If Jackson needs to have a good relationship with a coach to hire him, he should take the next three months getting to know Thibodeau. Invite him over for some yoga sessions. Take him out to Joshua Tree and get all Zen with him. Co-author a book with him. Re-enact scenes from the old Knicks-Bulls rivalry. It doesn’t matter. It needs to happen. Jackson is a smart, good basketball man. So is Thibodeau. They will get along if they win. And with Thibodeau, they can win.

Thibodeau would also prove to be a true draw when the Knicks go fishing in the free market over the next two seasons. Players know what coaches provide the best chance of getting them a ring. Thibodeau is on that list. Selling him as head coach with Jackson as GM would be a great combination. It’s a home run. Rarely are things so obvious.

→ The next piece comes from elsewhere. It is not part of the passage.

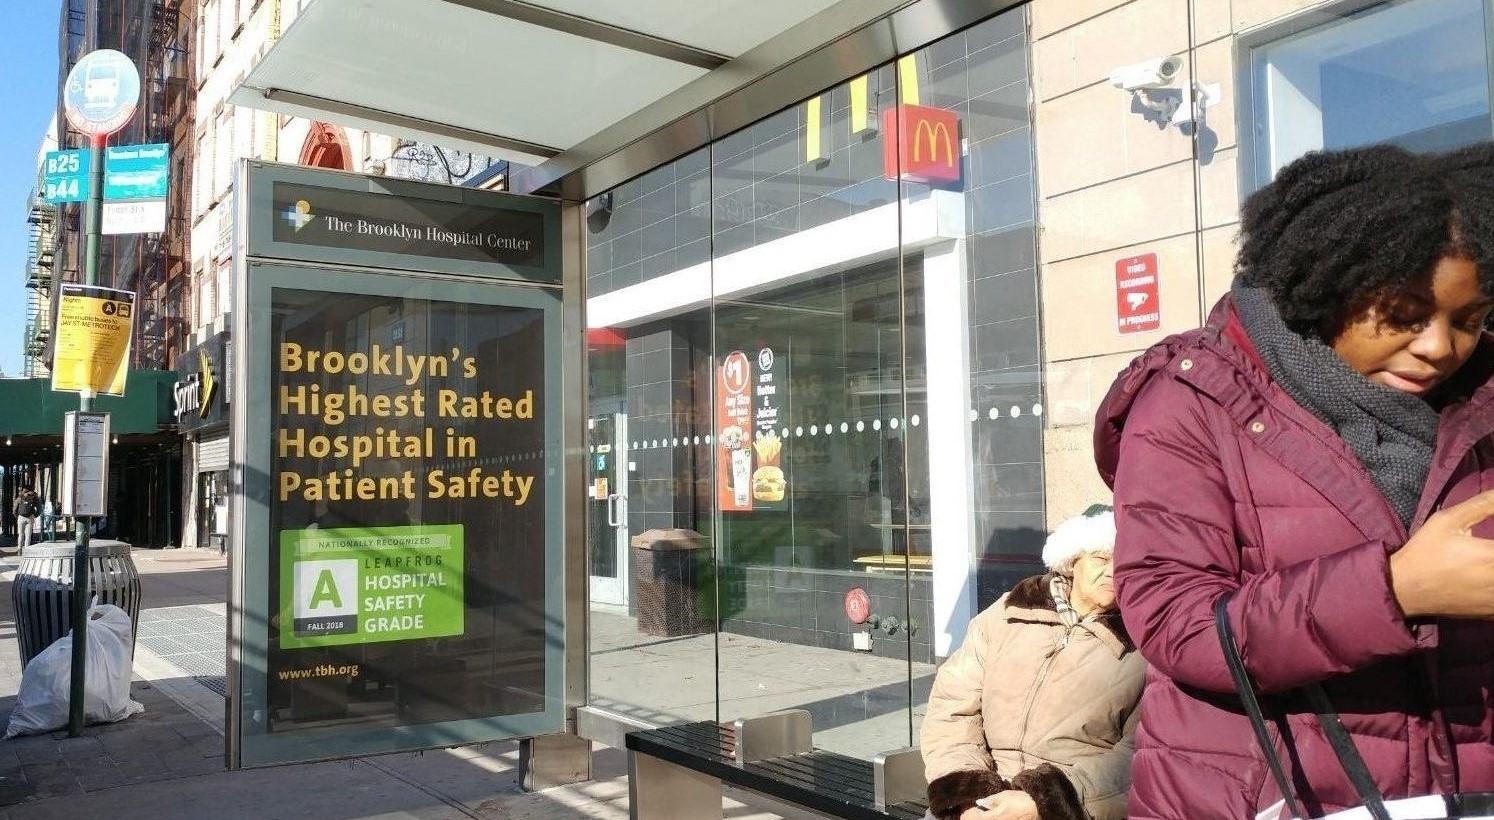 Brooklyn Hospital Bus Shelter Advertising

If Jackson does refuse to hire Thibodeau, James Dolan has a serious decision to make. With Jackson’s age, the Knicks’ owner is going to have to do some really hard thinking about who is better suited to be the face of this franchise off the court for the next decade — Thibodeau and whatever GM the Knicks hire to work with him (presumably Steve Mills), or Jackson and whatever triangle disciple he wants to hire.

If Jackson really is only in this for three more years, does it make sense to let him bring in someone like Brian Shaw or Luke Walton instead of one of the few difference-making coaches in the NBA? Would that be in the best long-term interests in the franchise? Walton or Shaw might be good coaches, but what are the chances either are as good as Thibodeau, a proven commodity? Slim to none. The Knicks already tried to go down this path with Fisher. Walton did great while subbing for Kerr with the Golden State Warriors, but that team has tremendous talent and employs Kerr’s system. Shaw, meanwhile, already failed in his first head coaching job, with the Denver Nuggets.

If it means getting a coach like Thibodeau, Jackson needs to finally give up on the triangle. It is the players that make the system, not the system that makes the players. In the long run, if the Knicks win with Thibodeau no one will give a damn if it was done with the triangle or not. Jackson will be remembered for reviving a franchise and hiring the right coach, nothing more. Jackson has an ego, but winning should be more satisfying than any philosophical combat he is trying to fight on behalf of an offensive system.

Thibodeau isn’t a perfect coach. He grinds on his players and can play them too many minutes. There’s a chance he could play KP and Melo so much their bodies fail them. He isn’t the most creative offensive coach. But he wins and gets the most out of his players. Who else can say that with any conviction that the Knicks can hire? No one.

Thibodeau can bring the Knicks back to their last great era: the one with Patrick Ewing. Heck, he could bring back Ewing as his top assistant. Hiring him makes too much sense to not happen. We’ll find out whether or not Jackson feels the same way in a few months.